Even years later this is a great choice of an opener, with some of band’s more popular tracks such a “Sleeping With The TV On”, “Speaking Of Heroes” and “The Way She Moves” added into a consecutive, continual tracklist of amazing post-hardcore tracks. The album itself — and likely the preceding singles released previously that comprise it — were recorded by New York producer-to-the-hardcore-scene Don Fury. From what I know most of Sparkmarker‘s recordings done there were done in midst of North American tours that brought them to and from NYC.

And the album — at least the original CD — has a hidden track after the music ends, and kicks in after some period of silence. It’s spoken word, and is either written passages by Canadian philosopher Marshall McLuhan read by the man himself, or read by someone else. At the time I found it a bit chilling yet seductive, especially as the last word of this segment — the word “brainwashing” — was ramped up in volume with the audio suddenly concluding.

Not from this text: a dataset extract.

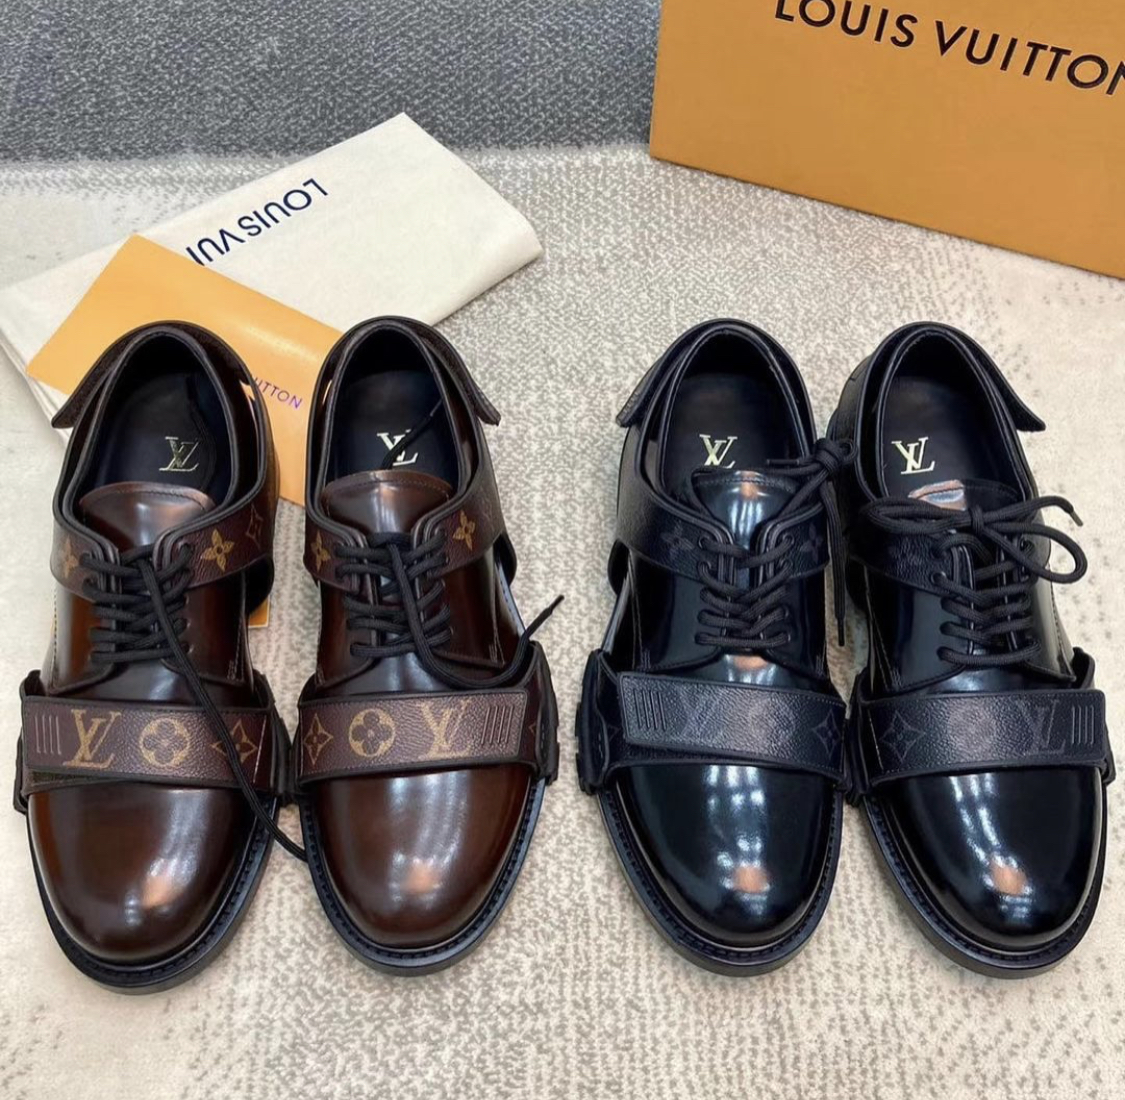 Willard Katsande's expensive Louis Vuitton formal shoe

The Products And Accessories CD — original released on Kinakin’s label Final Notice Records in 1994 — was out of print for a long time I believe before it was given the full re-issue treatment on the popular US hardcore label Indecision Records in 2017 in both the original CD as well as a proper 2xLP format. The artwork for this release was done by Kinakin — a graphic designer by trade — featuring art by Vancouver-based artist Ken Gerberick, who passed away in 2021.

At that time I had some re-connection with Kinakin, as he approached me about my thoughts on the record in a series of social media posts from fellow musicians and fans about how the original release had impact on them back in the 1990s, to which I wrote the below. I had sporadic interactions with Kinakin online over the years after leaving Vancouver, but unfortunately with moving halfway around the world almost twenty years ago, the gaps of distance, culture, physical location and the changing of people over time made it more difficult to keep close ties to Vancouver as I would have envisioned in a more “perfect world” I suppose.

Following Products And Accessories, the band continued releasing material on labels such as the famous Seattle-based Sub Pop Records and Revelation Records, including a compilation of odds and ends called Treasure Chest in 1999 when the band was closing up shop so to speak.

Products And Accessories is still available through Indecision Records, but for a mildly curious you can also check out the digital version and previews on Sparkmarker‘s own BandCamp account below, along with a few other key tracks from the band and a video clip from the Vancouver punk/hardcore archival Instagram account Flex Your History when the band was featured on Canada’s music channel MuchMusic back in the 1990s.

As a final note, another connection with this band that I had was that drummer Rob Zgaljic from Sparkmarker had a brief tenure as the drummer for my old band Radio Berlin back in the early 2000s. He still plays today with the Vancouver-based post-punk group Red Vienna.